Около редких и давно уже невидимых палаток огни погасли, и теперь во всей непроницаемо черной вселенной горел лишь его, Алексея Лахова, костер. Где-то за сопками, приглушенный расстоянием, зудел по-комариному на высоких оборотах мотор, и этот чуть слышный зуд успокаивал, тоненько точил навалившееся одиночество, убеждал, что жизнь на земле не вымерла, существует.
Прав был дядя Миша… А ведь была, была когда-то у Лахова – у Алексея Лахова – многочисленная родня. Десяток кровных дядьев и теток по материнской и отцовской линиям, их мужья и жены, которые тоже почитались близкой роднёю, распочковавшиеся потомством, приходившимся Алексею двоюродными братьями и сестрами, а дальше – уже их дети, общим числом…
Старшее поколение, такие, как дядя Миша, воспитанное на родовых устоях, каждый праздник то в одном доме, то в другом собирали великие застолья, словно устраивая смотр своему роду, и были те застолья веселы, многоголосы и будили чувство защищенности и силы. Алексей хорошо помнил эти застолья с песнями, с вином – песен всегда было больше, чем вина, – и счастливым духом людского единения.
Только где эти песни? Отгремели, отпелись, растаяли в вечности.
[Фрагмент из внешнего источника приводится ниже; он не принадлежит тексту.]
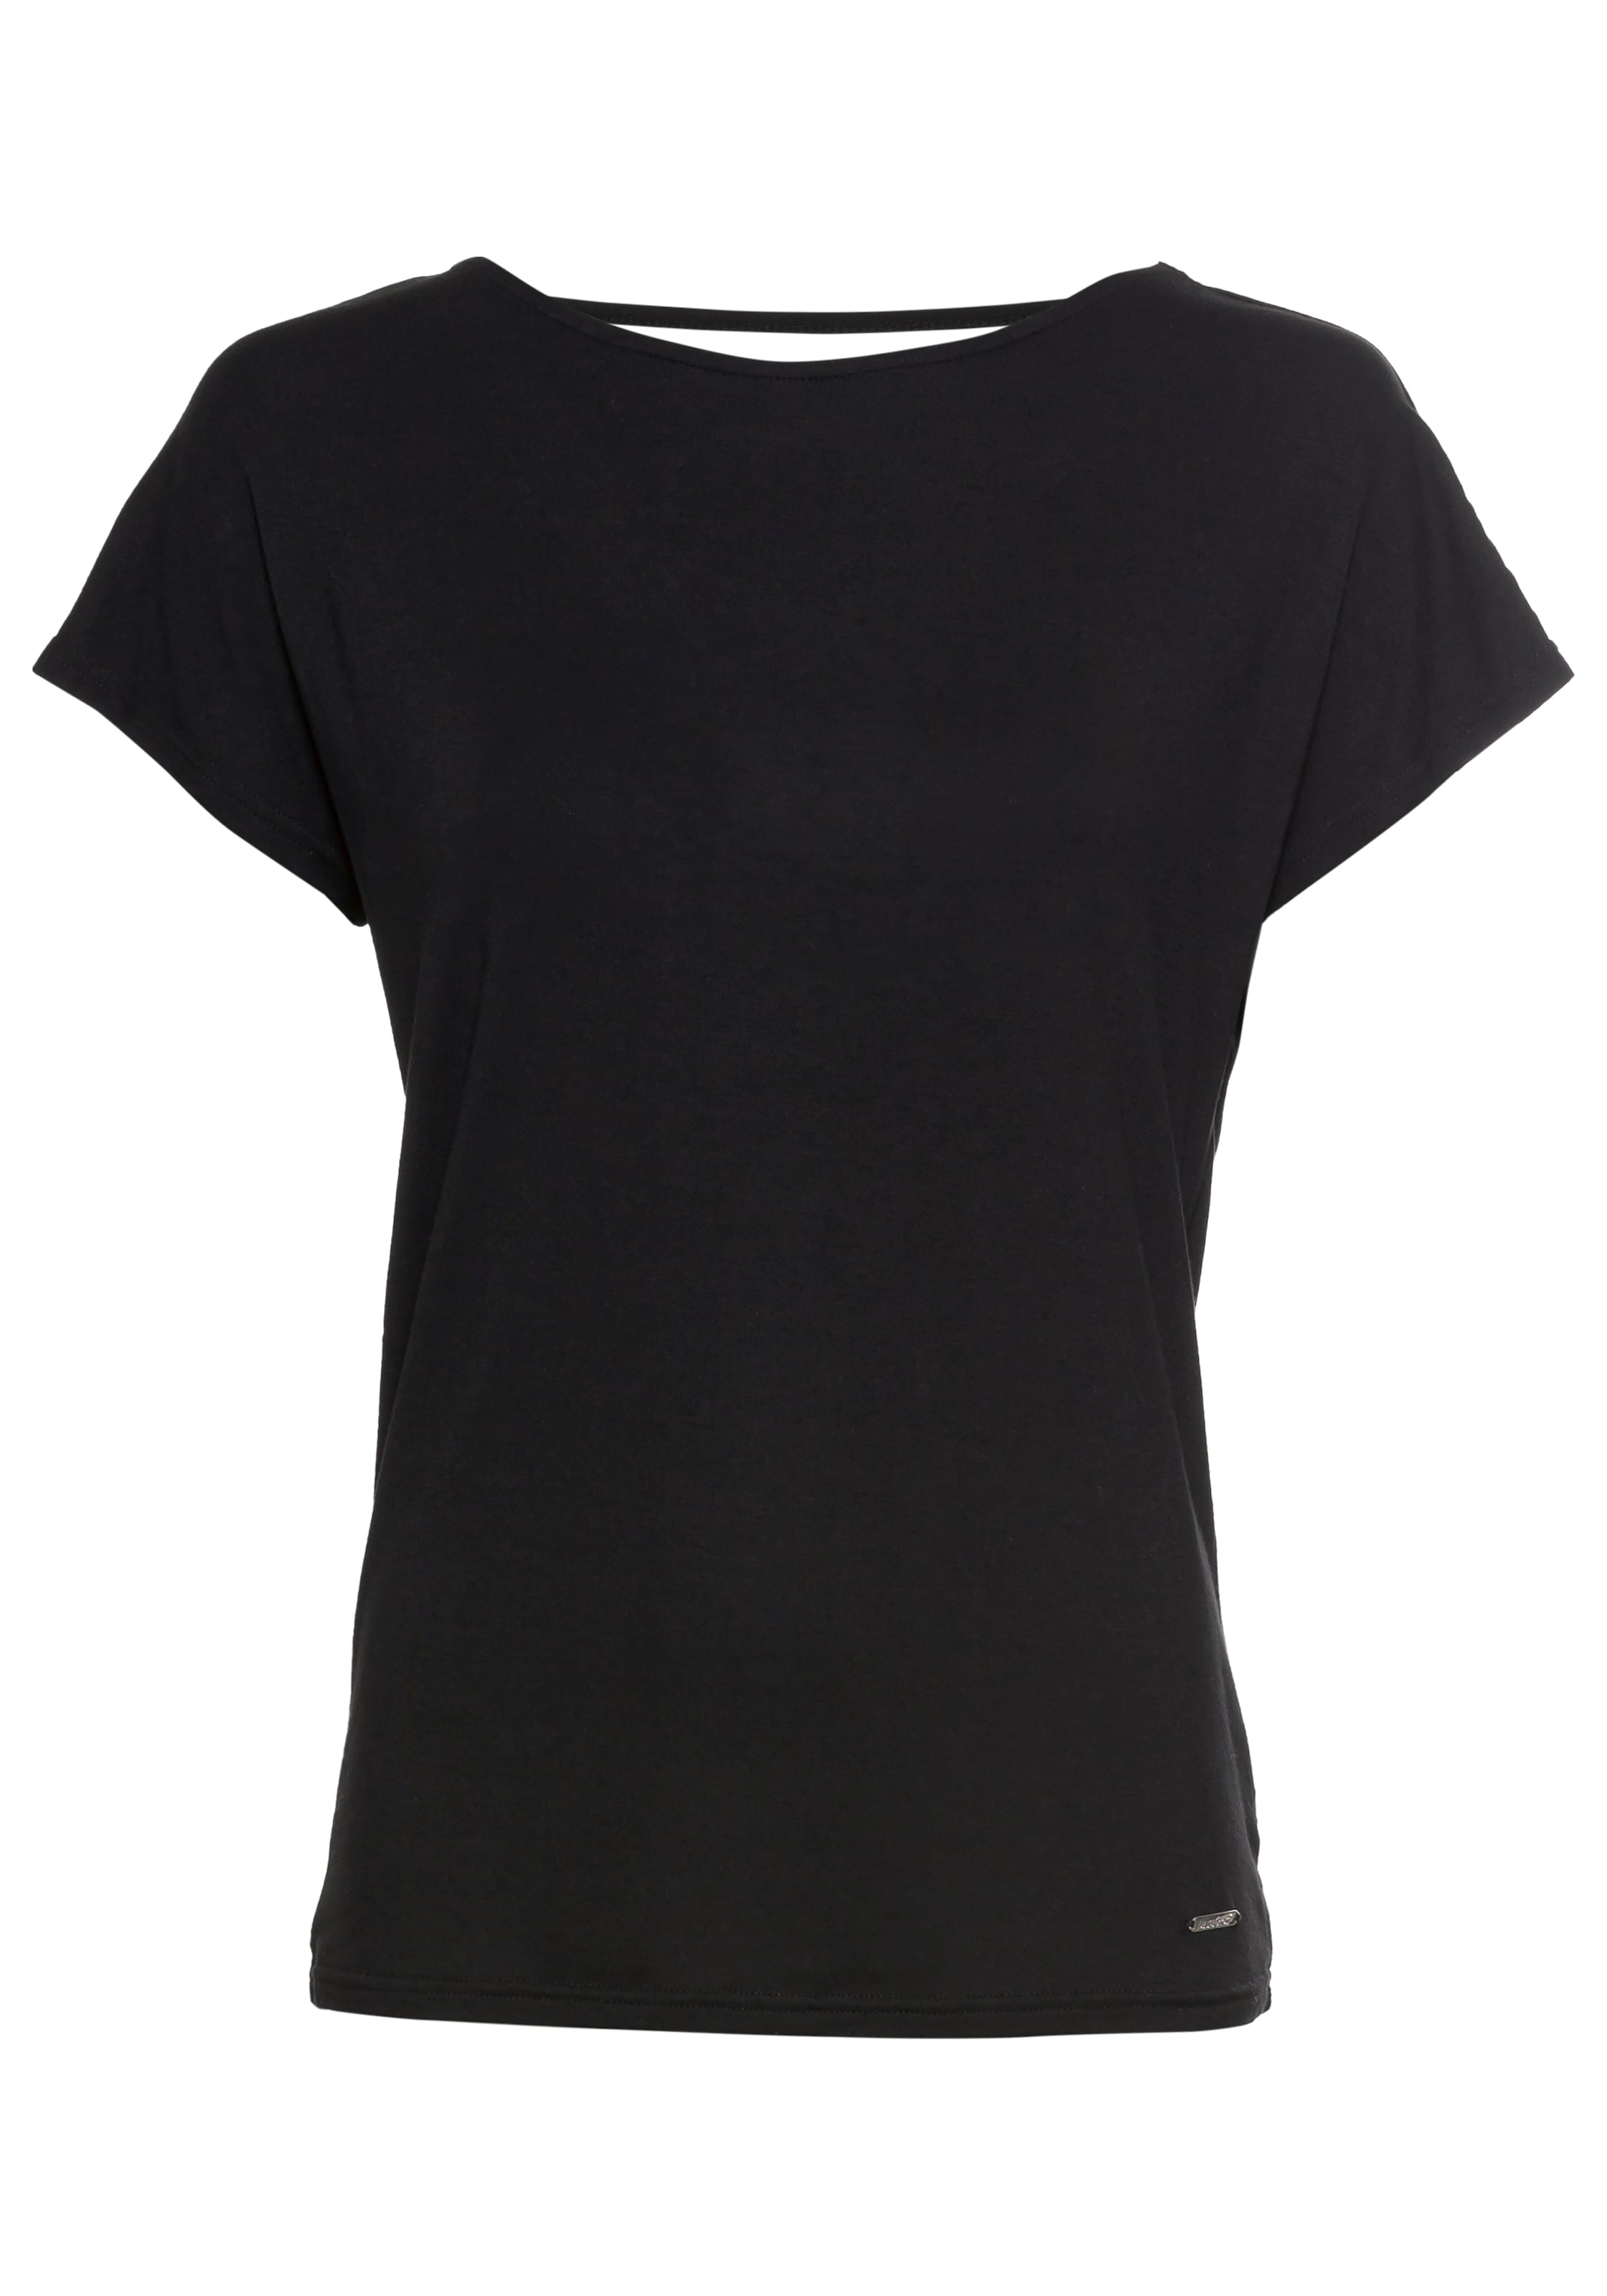 KOLLEKTION mit Laura Scott T-Shirt, walking NEUE | - online I\'m Rückenschnürung kaufen

И нет теперь дядьев и теток, пришло их время уходить из жизни, и разлетелись по свету их дети – кто сейчас где? – и стираются из памяти их лица и даже имена.
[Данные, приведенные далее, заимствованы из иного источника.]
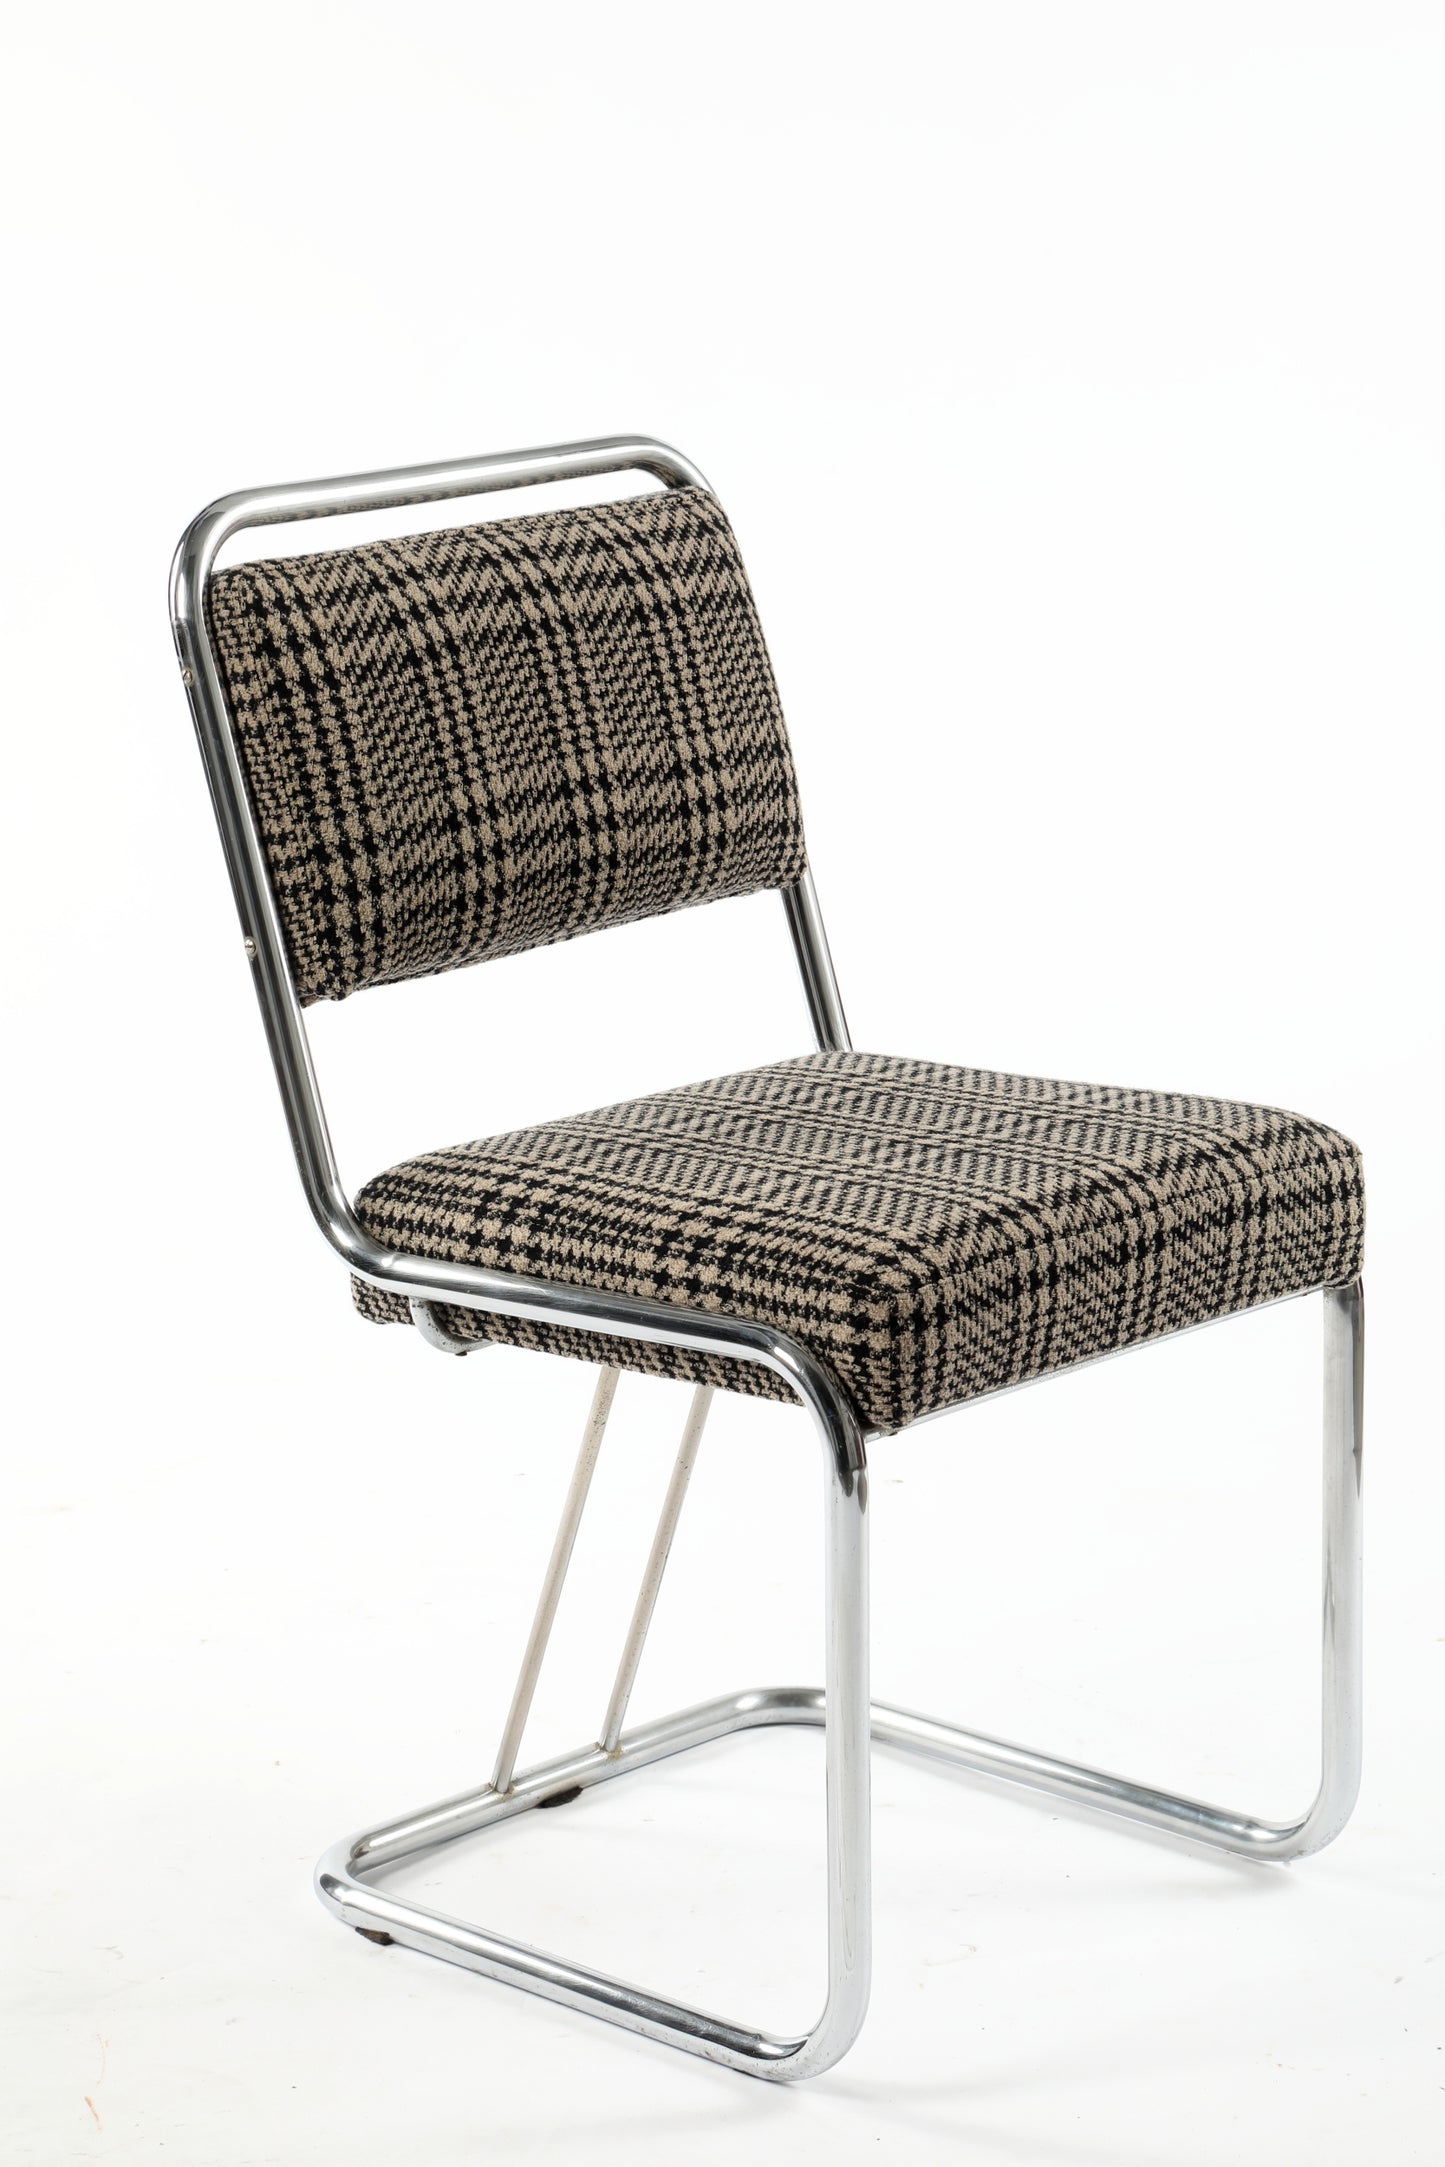 Quattro sedie anni 70 lana e acciaio

Как же так случилось, что он, Алексей Лахов, оказался один во всей этой беспроглядной ночи? Как же это случилось? И хоть кричи во все четыре стороны, не докричишься, никто тебя не услышит, да и некому слышать.
Лахов давил в себе слезы, но слезы тугим комком стояли в горле, рвались наружу, Алексей подскуливал и сам себе казался маленьким, затерянным, горько сиротствующим. И вспоминалась мать, которой уже никогда не будет, и, пожалуй, впервые, через несколько лет после ее смерти, Алексей почувствовал всю глубину и вечную, как черный космос, невосполнимость потери.